Sıçan feokromositoma (PC-12) hücrelerinin yüksek afiniteli sinir büyüme faktörü reseptörü olan tropomiyosin reseptör kinaz A’ya (TrkA) bağlanarak nörogenez özelliklerine (bir hücreden nöritlerin filizlenmesini tetikleme) sahiptir.
Bununla birlikte, araştırmacılar, doğal bir yılan zehri toksininden ilaç geliştirmenin sıkıcı olduğuna dikkat çekiyor.
Bu sorunun üstesinden gelmek için Mukherjee ve işbirlikçileri, iki yeni özel peptid (biyomedikal laboratuvarlarda kullanılmak üzere ticari olarak üretilmiş peptidler) geliştirdiler – yılan zehiri nörotrofininden ilham alan ve omurgalı sinir sistemlerinin gelişimini, bakımını ve işlevini düzenleyen TNP ve HNP.

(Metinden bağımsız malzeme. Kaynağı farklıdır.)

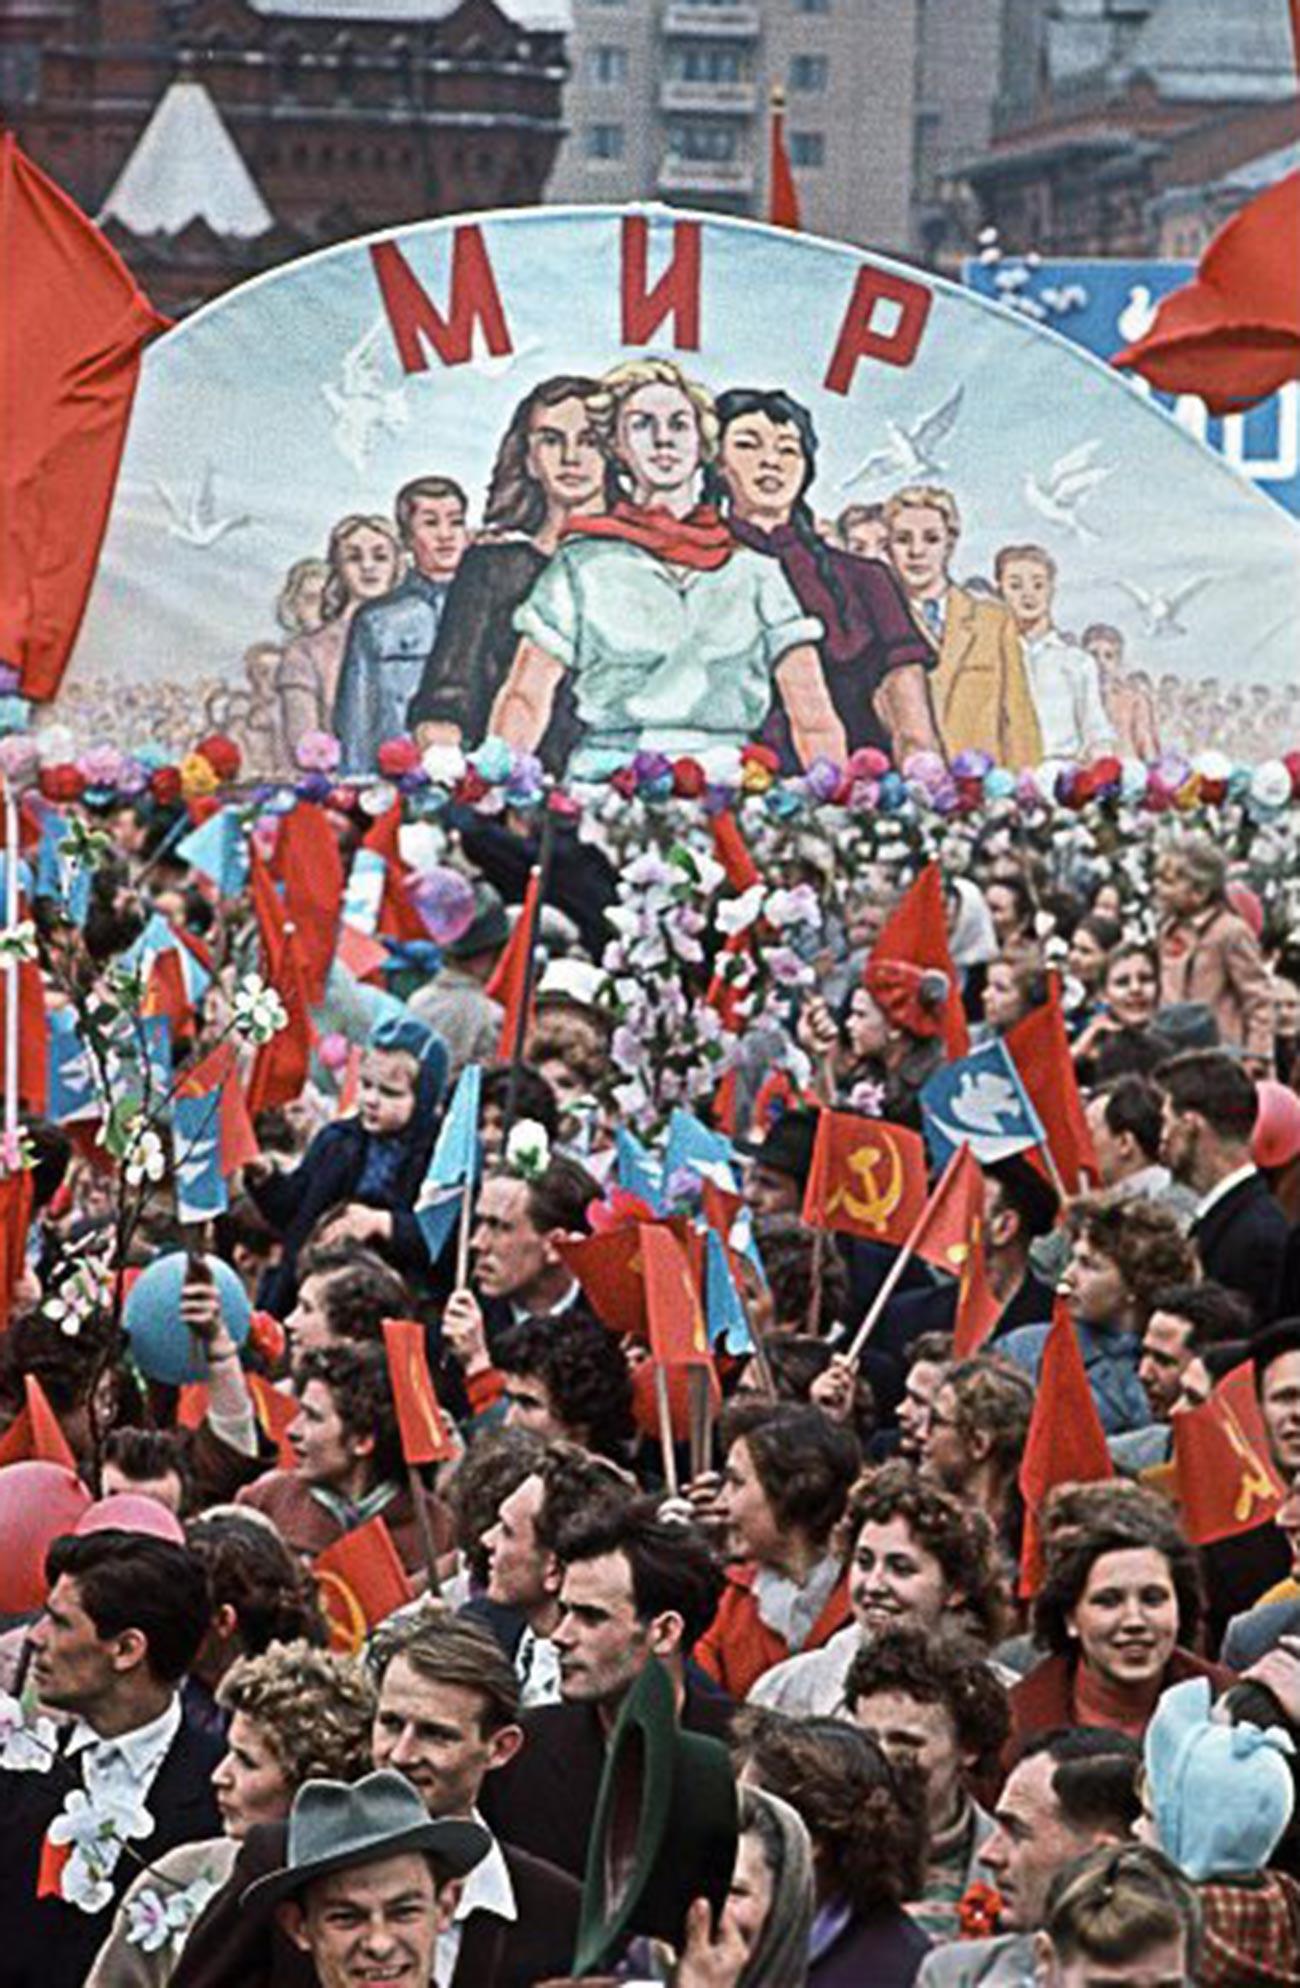 «Paix». Moscou festive, 1960

Bu peptitler, sinir hücrelerinin insan TrkA reseptörüne seçici bağlanma gösterirler ve bu nedenle, ilaç moleküllerinin reseptöre karşı seçiciliğini ve özgüllüğünü geliştirebilir, böylece bu ilaç moleküllerinin terapötik gücünü arttırır.
Mukherjee, peptitlerin düşük moleküler ağırlığı, yapısal stabilitesi, küçük boyutu ve hedef duyarlılığının onları, endojen nörotrofinleri terapötik ajanlar olarak kullanmanın sınırlamalarını aşmak için güçlü araçlar haline getirdiğini vurguluyor.
Grup tarafından keşfedilen bu ilaç benzeri peptit, tamamen yeni bir stratejiyle nörodejeneratif hastalıkların ilerlemesini potansiyel olarak azaltabilir.
Tedavi, hastalığın başlangıcında daha önce daha az semptomu olan kişiler için en etkili olacaktır.
Bakteri öldüren su
IISc’den araştırmacılar, yüksek güçlerde hidrojen peroksit, nitrojen dioksit ve nitrat gibi reaktif oksijen ve nitrojen türlerini içeren plazma ile aktifleştirilen suyun oluşumunu göstermiştir.
Bu yüksek mukavemetli plazma ile aktive edilen suyun (hs-PAW), hiper virülent çoklu ilaca dirençli patojenleri bile etkisiz hale getirebildiği bulundu.
IISc’nin kendi haber bülteni Kernel, Lakshminarayana N Rao ve Dipshikha Chakravortty liderliğindeki çalışmanın, plazmayla aktifleştirilen suyun nötr olduğunu ve biyomedikal uygulamalar için uygun hale getirdiğini de gösteriyor.
Ekip, hs-PAW’deki reaktif türlerin bakterinin dış hücre zarını delinerek parçaladığını, metabolik aktiviteyi durdurduğunu ve sonunda bakterileri etkisiz hale getirdiğini veya öldürdüğünü buldu.
Ekip ayrıca hs-PAW’nin bakteri öldürücü aktivitesini 15 gün sonra bile koruyabildiğini buldu.
hs-PAW’nin, tedavisi zor çoklu ilaca dirençli patojenlerle mücadele dışında, yara iyileştirme gibi çeşitli tıbbi uygulamalarda kullanılabileceğini öne sürüyorlar.